Le système d’enchères facebook est probablement la chose la moins comprise – et la plus déterminante – de toute la publicité sur Meta. Pas parce que c’est incompréhensible. Parce que personne ne prend le temps de l’expliquer sans jargon inutile. Joseph Daniaux, consultant spécialisé Facebook Ads chez Neomedia.io et animateur du podcast No Pay No Play, l’a fait dans un épisode qui méritait qu’on en tire quelque chose de plus durable qu’un épisode de 33 minutes.
Tu t’es déjà demandé pourquoi tu vois une pub Nike dans ton fil alors que tu n’as jamais rien acheté chez eux ? Ou inversement, pourquoi une petite marque locale que tu ne connais pas arrive à te toucher deux fois en 48h ? Ce n’est pas le fruit du hasard.

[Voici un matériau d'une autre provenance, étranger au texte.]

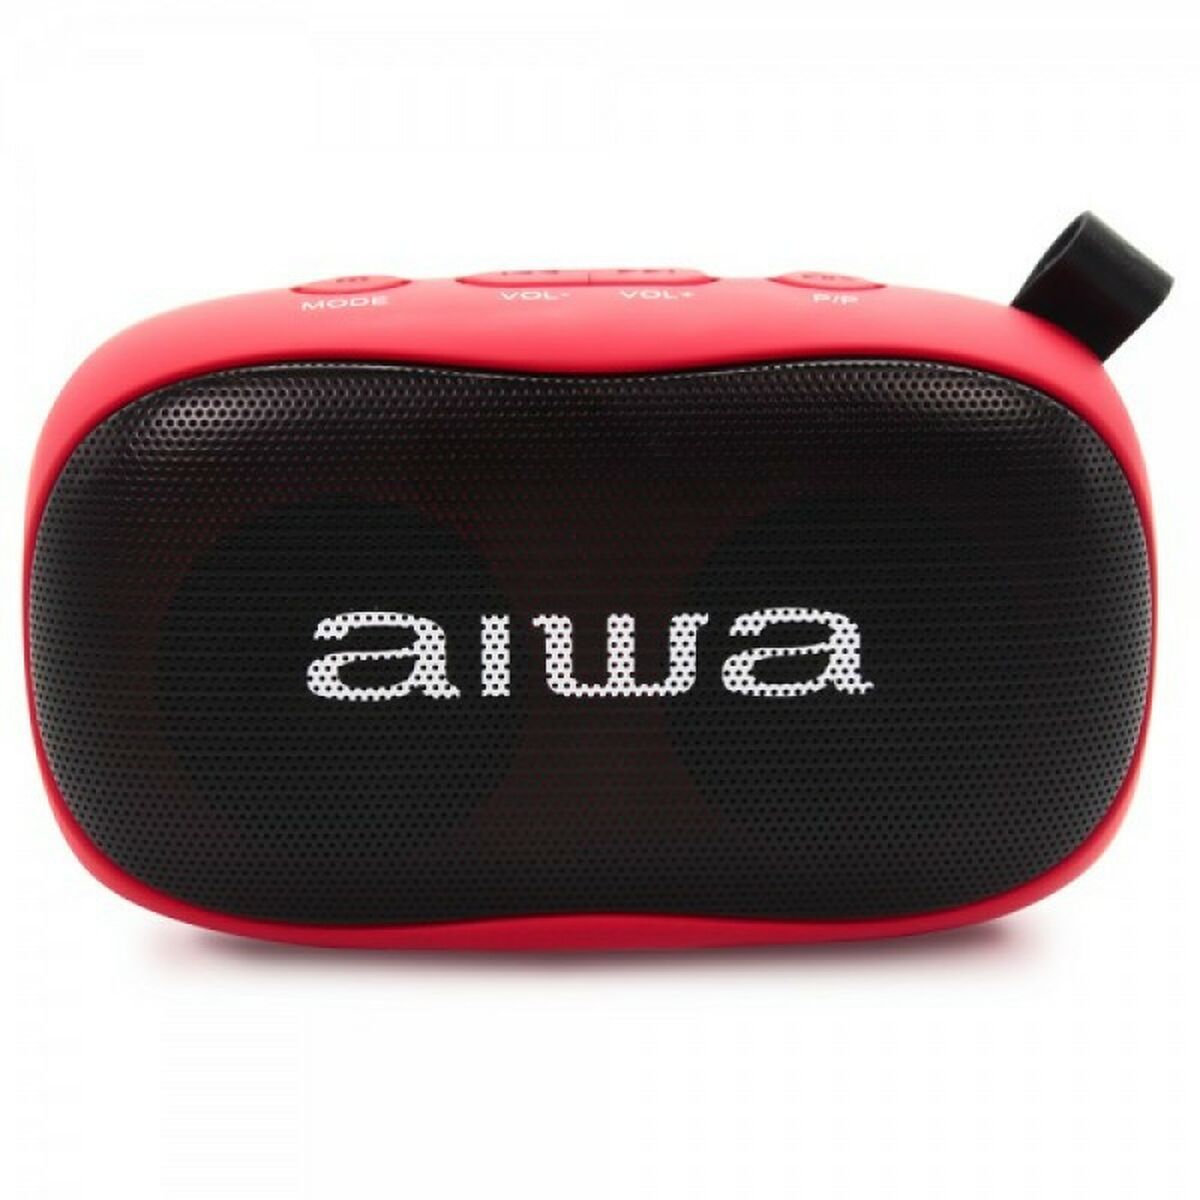 Tragbare Bluetooth-Lautsprecher Aiwa BS-110RD 10W Rot 5 W

Ce n’est pas non plus uniquement une question de budget. C’est le résultat d’un algorithme qui prend des décisions en quelques millièmes de secondes – des milliards de fois par jour.
Ce que j’ai trouvé intéressant dans l’approche de Joseph, c’est qu’il part du point de vue de l’utilisateur avant de parler à l’annonceur. Et ça change tout à la façon dont on comprend la mécanique.
Pourquoi le système d’enchères facebook existe vraiment
Facebook a deux maîtres à satisfaire en même temps. D’un côté, 2,45 milliards d’utilisateurs mensuels qui veulent scroller sans souffrir. De l’autre, des annonceurs qui ont mis de l’argent et qui veulent des résultats. Ces deux objectifs sont en tension permanente – et le système d’enchères est la façon dont Facebook gère cette tension.
Sans système d’arbitrage, la logique de base serait simple : celui qui paie le plus gagne. Nike diffuse partout. La PME bretonne qui vend des conserves artisanales ne voit jamais la lumière. Et les utilisateurs se retrouvent noyés sous des publicités génériques achetées par les plus grosses enveloppes marketing de la planète.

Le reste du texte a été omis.